GĂ©rard Prunier, the prominent French historian of East Africa, published a piece in the New York Times on 5 May under the title ‘In Sudan: Give War a Chance’ reposted on Sudan Tribune. Prunier presented his readers with a Rwandan history of Sudan as it were. In his mind the ills of Sudan stem from an essential racial conflict between Arabs and Africans, one that the 2005 Comprehensive Peace Agreement (CPA) could not resolve since only religion was considered in its fashioning. The CPA, wrote Prunier, “was signed by only two sides: the Muslim north and the Christian south. That left fully one-third of the Sudanese people - the African Muslims - without a political leg to stand on”. From this premise Prunier arrived at the conclusion that the way ahead is to support the African Muslim rebels fighting the government in alliance with the southern Christians. “War is a tragic affair, but the brave Sudanese men who have chosen it as a last resort deserve to be allowed to find their own way toward a Sudanese Spring, even if it is a violent one”, he opined. What Prunier is advocating for, without reservations, is a race war where the Sudanese fight it out to redemption as Africans and Arabs. He, I suppose, would have the privilege to observe, count the dead, and eventually publish a bestseller.
Race has been and continues to be invoked by Khartoum’s rulers and their rebel contenders in the Sudanese peripheries. It was exactly in the terms that Prunier now advocates that the Khartoum regime portrayed the confrontation with the Sudan People’s Liberation Army/Movement (SPLA/M) in the 1983-2005 round of the Sudanese civil war fought predominantly in southern Sudan but with lasting extensions in the Nuba Mountains and the Blue Nile of northern Sudan, areas where the SPLA/M found similarly aggrieved allies among the Nuba and the Ingessena. The SPLA/M’s attempt to open a front in Darfur among the Fur and the Masalit was not as successful. An invading SPLA force of Dinka under the joint command of Abd al-Aziz al-Hilu, an ethnic Maslati and the man who now leads the northern faction of the SPLA/M in South Kordofan, and Dawoud Yahia Bolad, an ethnic Fur and disaffected Islamist, was rapidly crushed by a force of locally recruited Bani Halba in 1991. The invocation of race in Darfur demonstrated its full wrath in the war that began in 2003.

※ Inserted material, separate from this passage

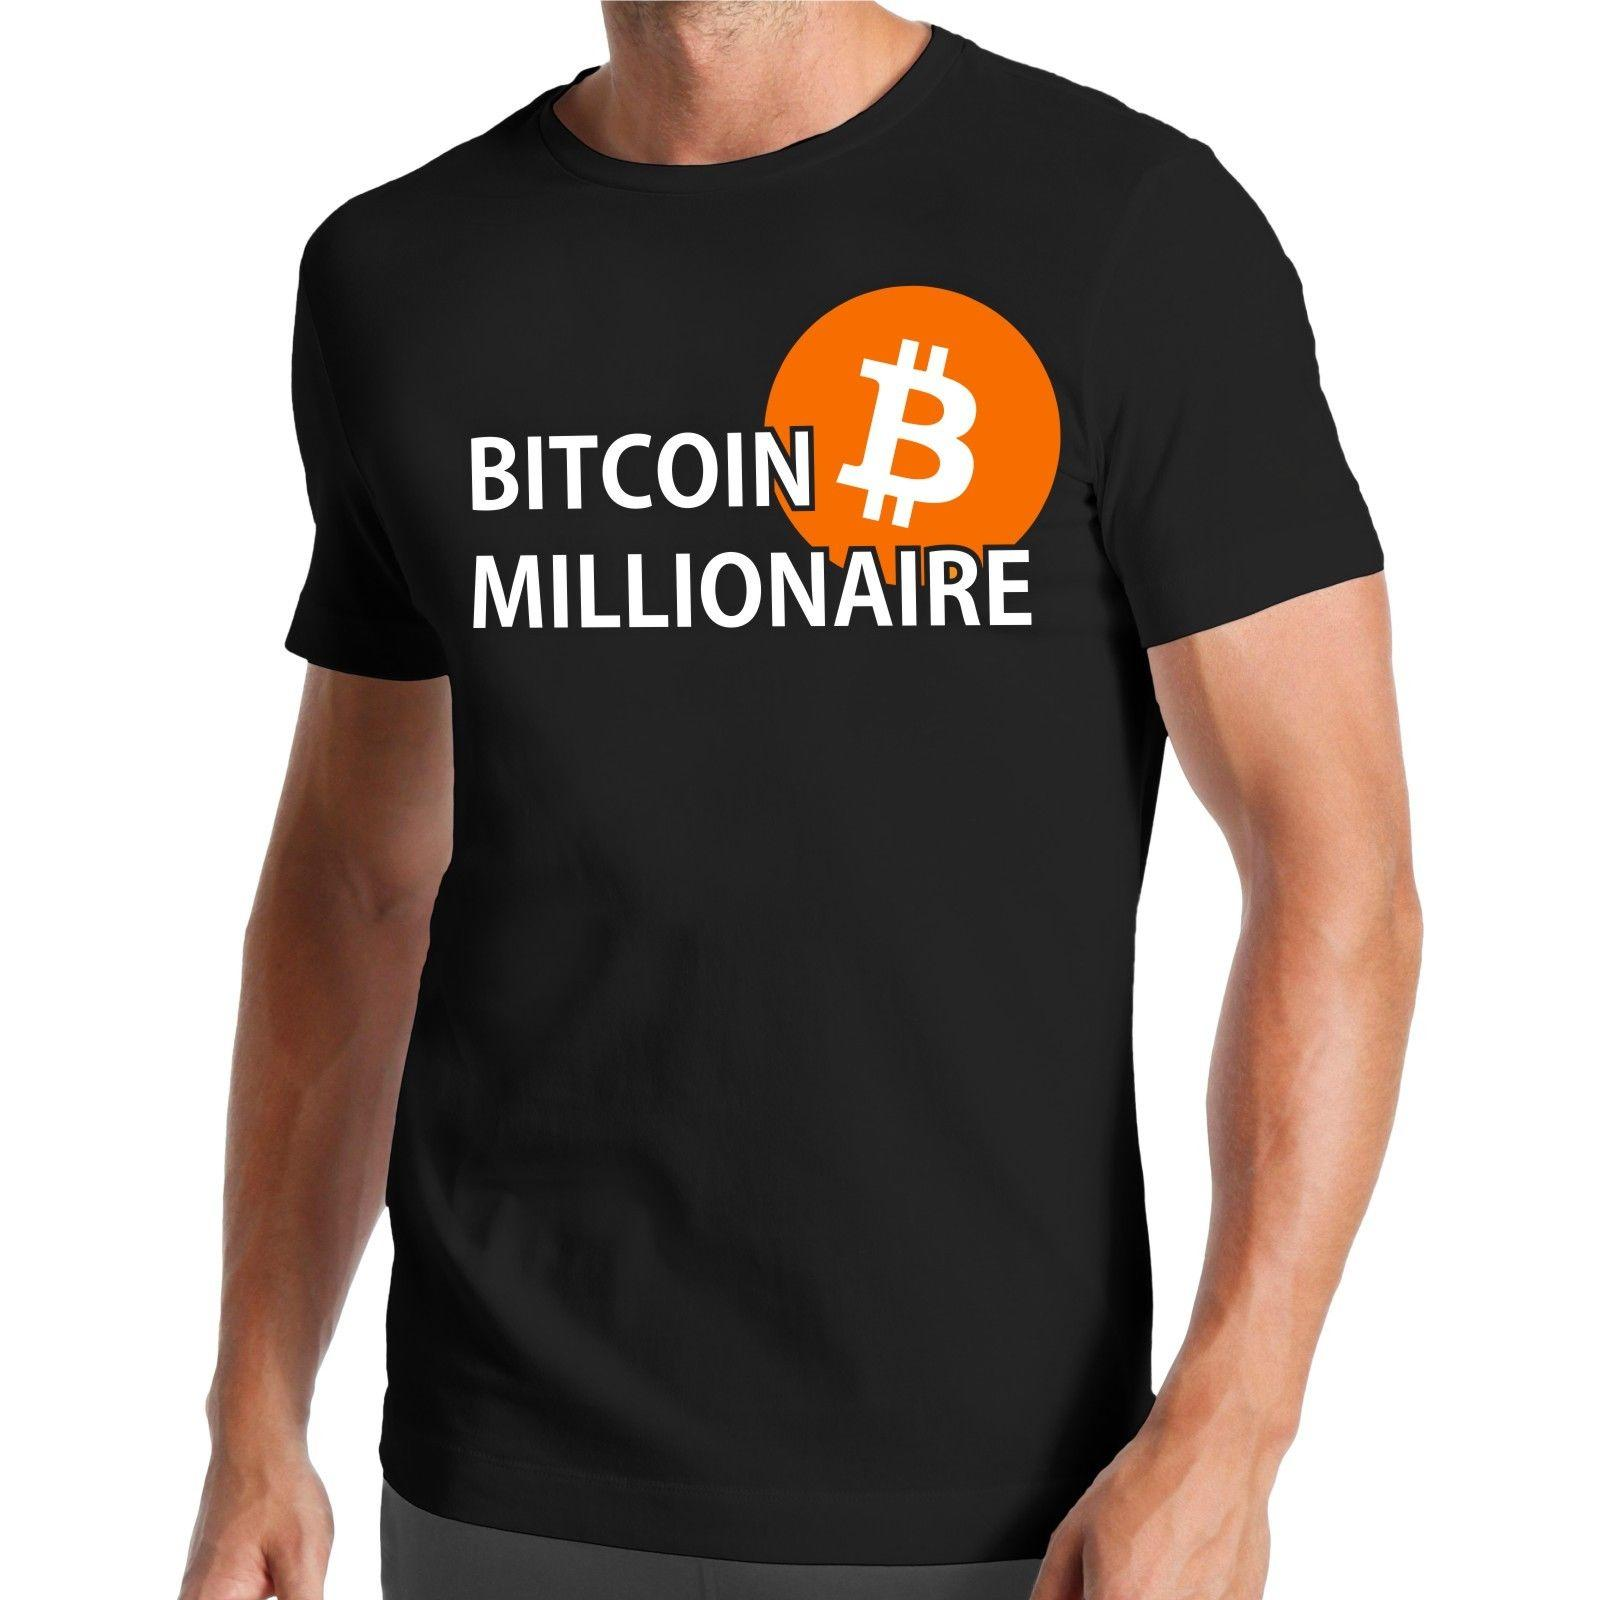 acdaddbf Bitcoin Millionaire T Shirt Millionär Börse Stock Exchange Krypto Crypto  Funny Unisex Casual Tshirt Denim Shirts Design T Shirts From  Sillyboytshirts, ...

What deserves investigation is not only the resort to race by rebel groups seeking to solidify and extend their constituencies or by a government threatened by an arc of rebellions but the brave resistance of a critical mass of the Sudanese to the lure of racist mobilisation. In Darfur, where racial polarization in northern Sudan proved most devastating, the Rizeigat of South Darfur preferred to preserve the peace with their Fur neighbours over Khartoum’s war commission, even after rebel fighters of the Sudan Liberation Army (SLA) raided Dar Rizeigat in 2004. Angered by the brazen defiance of the Rizeigat nazir, Said Madibbu, Khartoum upgraded the sheikh of the neighbouring Maaliya, traditionally a client of the Rizeigat chieftaincy, to the rank of nazir in 2005. The government intervention empowered the Maaliya to claim land ownership rights in areas that the Rizeigat consider to be under lease to the Maaliya but ultimately their own. What followed was a neglected chapter of Darfur’s ‘other war’ to use Julie Flint’s depiction. The Rizeigat and the Maaliya, two peoples that classify under Prunier’s Muslim Arabs, engaged in episodic deadly raids until a settlement was reached between the two sides with cynical government mediation in 2009.
The distinction between the readiness of the northern Rizeigat, the landless camel nomads of northern Darfur, to serve Khartoum’s purposes and the unwillingness of their kin, the southern Rizeigat, the land-endowed cattle nomads of southern Darfur, to do the same might appear to Prunier and those who share his views an insignificant detail that does not disturb the race blueprint. To the Sudanese who are ready to imagine a future beyond the determinacy of war it bespeaks of the harsh political economy that underlies the country’s incessant conflicts.